Abstract:In this work, we focus on the Bipartite Stochastic Block Model (BiSBM), a popular model for bipartite graphs with a community structure. We consider the high dimensional setting where the number $n_1$ of type I nodes is far smaller than the number $n_2$ of type II nodes. The recent work of Braun and Tyagi (2022) established a sufficient and necessary condition on the sparsity level $p_{max}$ of the bipartite graph to be able to recover the latent partition of type I nodes. They proposed an iterative method that extends the one proposed by Ndaoud et al. (2022) to achieve this goal. Their method requires a good enough initialization, usually obtained by a spectral method, but empirical results showed that the refinement algorithm doesn't improve much the performance of the spectral method. This suggests that the spectral achieves exact recovery in the same regime as the refinement method. We show that it is indeed the case by providing new entrywise bounds on the eigenvectors of the similarity matrix used by the spectral method. Our analysis extend the framework of Lei (2019) that only applies to symmetric matrices with limited dependencies. As an important technical step, we also derive an improved concentration inequality for similarity matrices.
What problem does this paper attempt to address?
The problem that this paper attempts to solve is how to use the spectral method to accurately recover the latent partition of type - I nodes in a high - dimensional sparse bipartite graph. Specifically, the paper focuses on how to achieve the exact recovery of type - I nodes through the spectral method under the Bipartite Stochastic Block Model (BiSBM) when the number of type - I nodes \(n_1\) is much smaller than the number of type - II nodes \(n_2\). The main contribution of the paper is to prove that under the condition of \(n_1 n_2 p_{\text{max}}^2 \gtrsim \log n_1\), the spectral method can achieve exact recovery, and this recovery is optimal.
### Background of the Paper and Problem Definition
The **Bipartite Stochastic Block Model (BiSBM)** is a model used to describe the community structure in a bipartite graph. In this model, nodes are divided into two types (type - I and type - II), and there are certain connection probabilities within or between each type of nodes. Model parameters include:
- The set of type - I nodes \(N_1 = [n_1]\) and the set of type - II nodes \(N_2 = [n_2]\).
- The community partitions \(C_1,\ldots,C_K\) of type - I nodes and the community partitions \(C'_1,\ldots,C'_L\) of type - II nodes.
- The connection probability matrix between communities \(\Pi = (\pi_{kk'})_{k\in [K], k'\in [L]} \in [0,1]^{K\times L}\).

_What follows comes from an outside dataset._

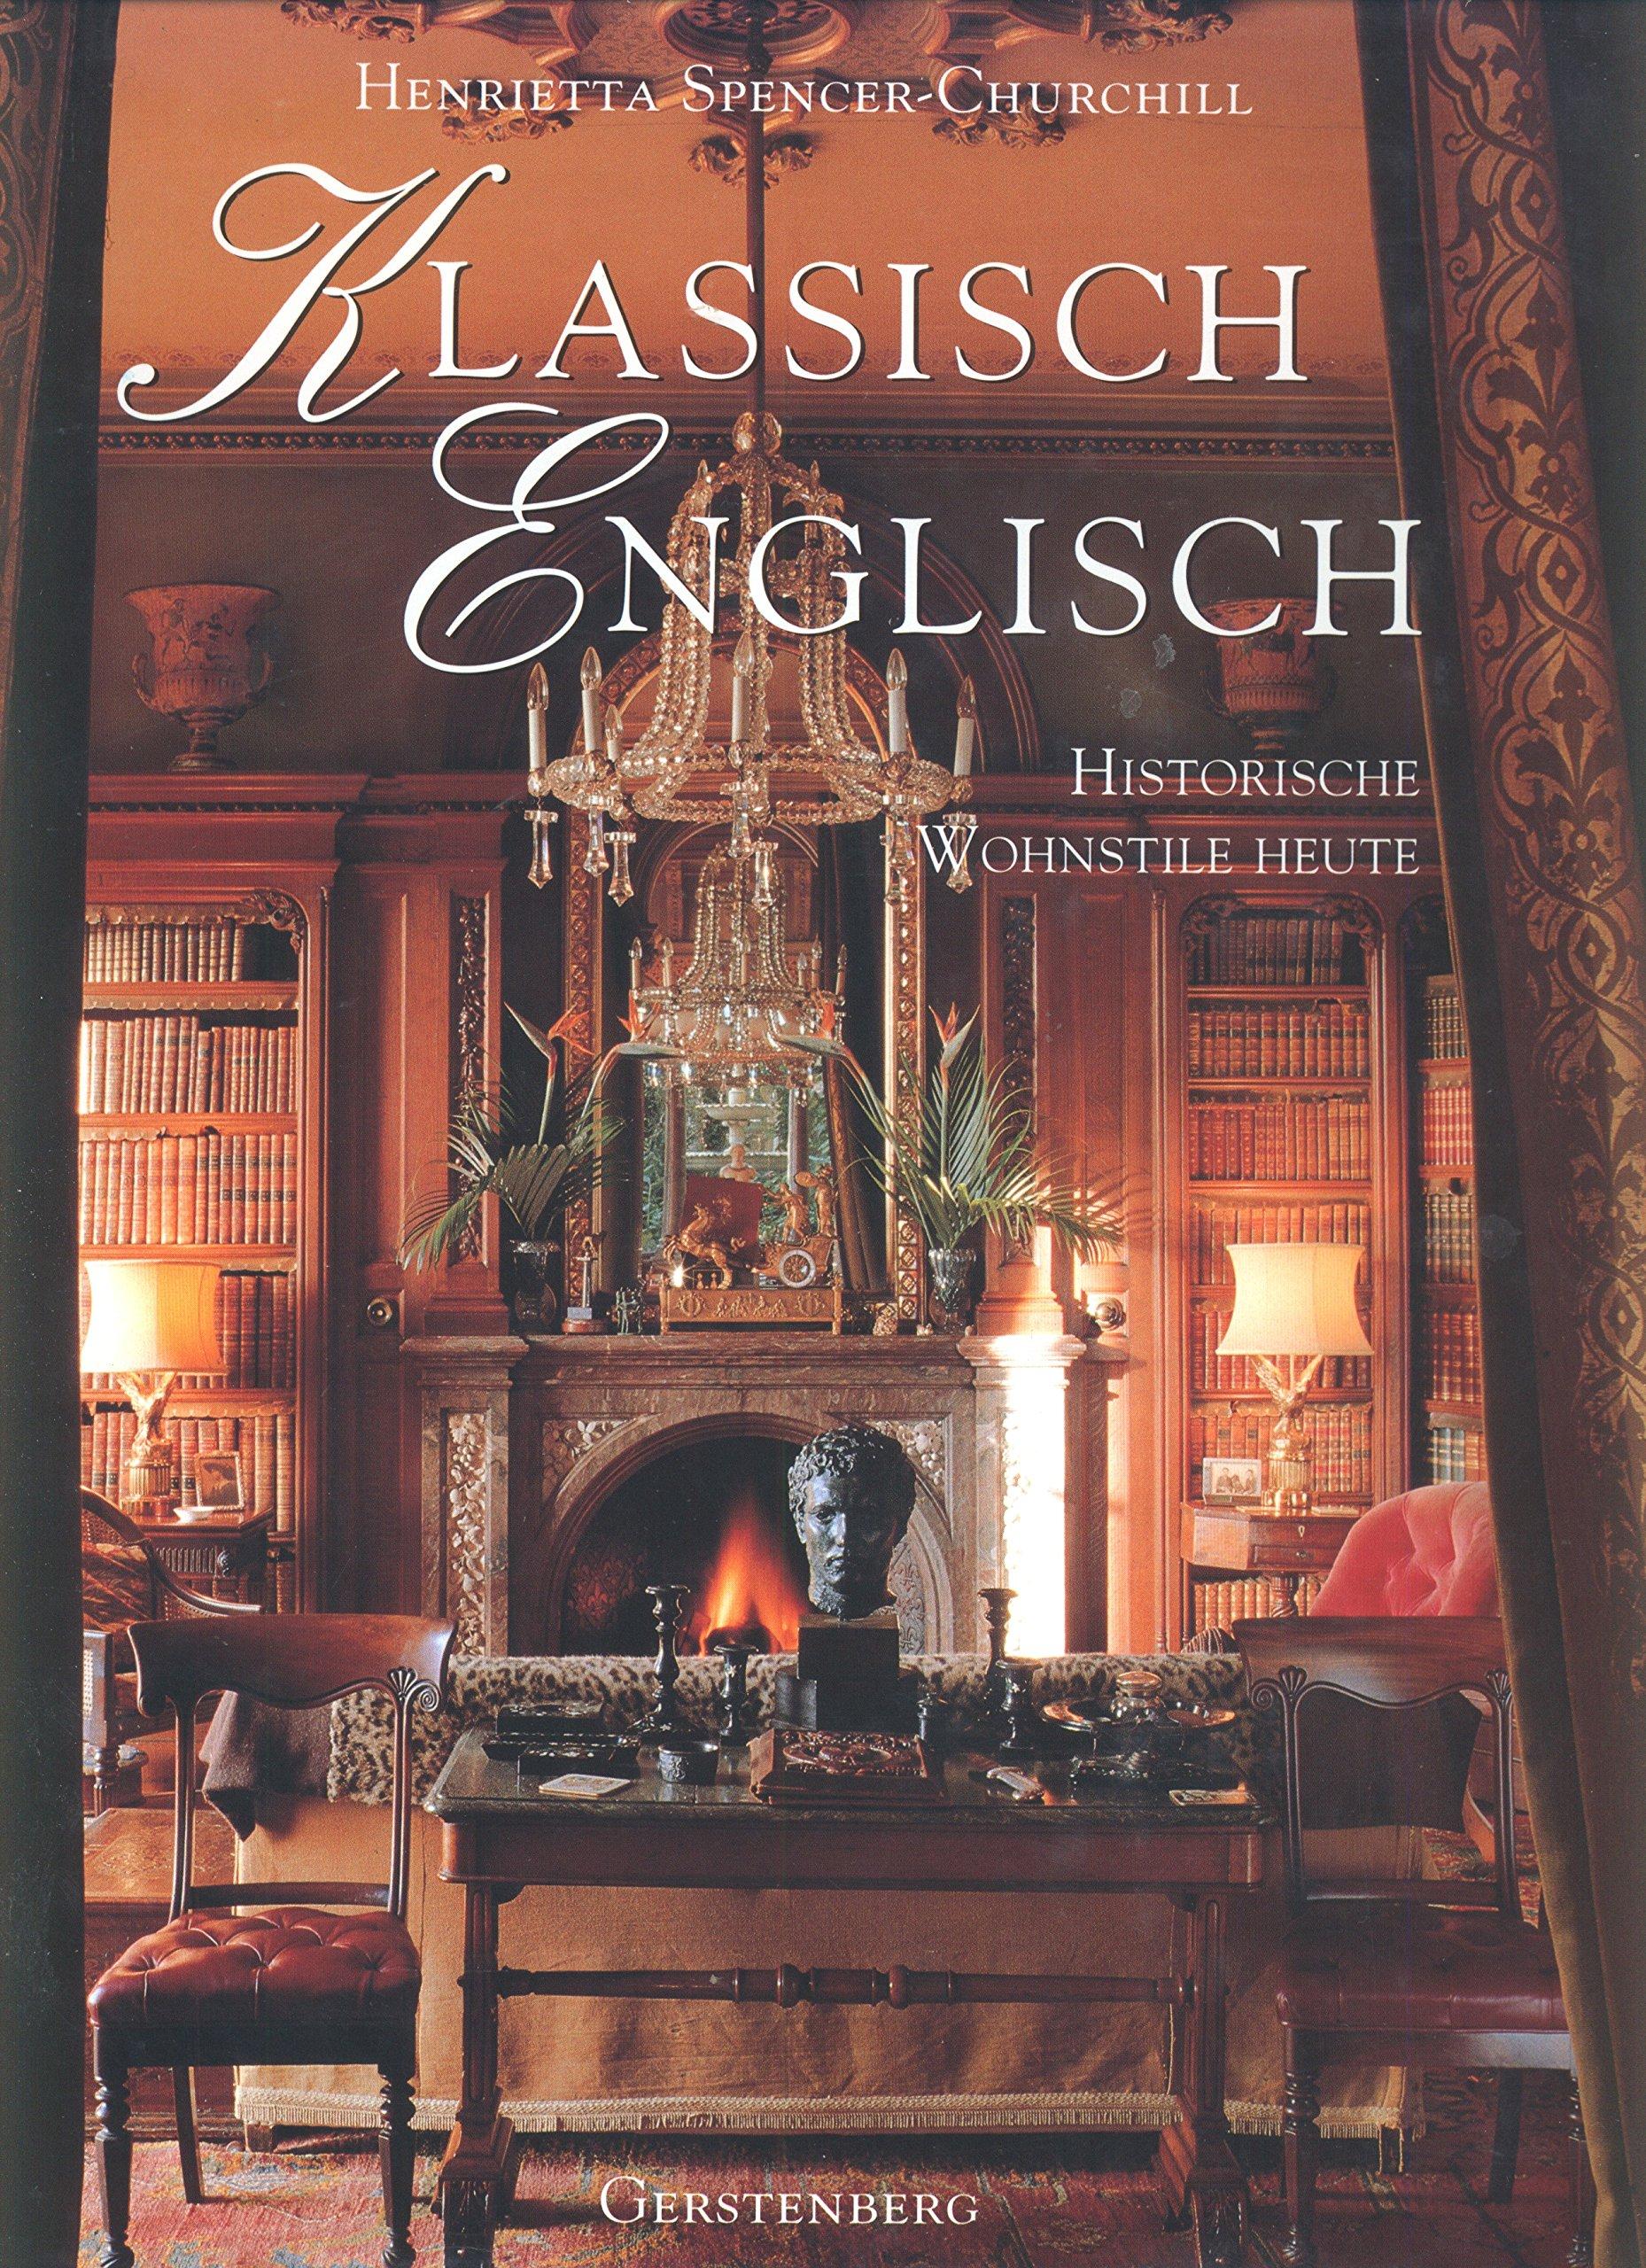 Klassisch englisch  Spencer Churchill, Henrietta, Wood, Andrew ...

**Problem**: In a high - dimensional sparse setting (i.e., \(n_1 \ll n_2\) and the sparsity \(p_{\text{max}}\) of the graph is low), how to use the spectral method to accurately recover the community structure of type - I nodes from a bipartite graph.
### Main Contributions
1. **Exact Recovery Conditions**: The paper proves that under the condition of \(n_1 n_2 p_{\text{max}}^2 \gtrsim \log n_1\), the spectral method can achieve the exact recovery of type - I nodes. This condition is optimal, that is, under this condition, the spectral method is optimal.
2. **Extension to Similarity Matrices**: The paper extends the bounds on the element - wise concentration of eigenvectors proposed by Lei (2019) to make them applicable to similarity matrices. This extension allows for the partial removal of the "spectral gap condition", which is a common condition in the analysis of spectral methods.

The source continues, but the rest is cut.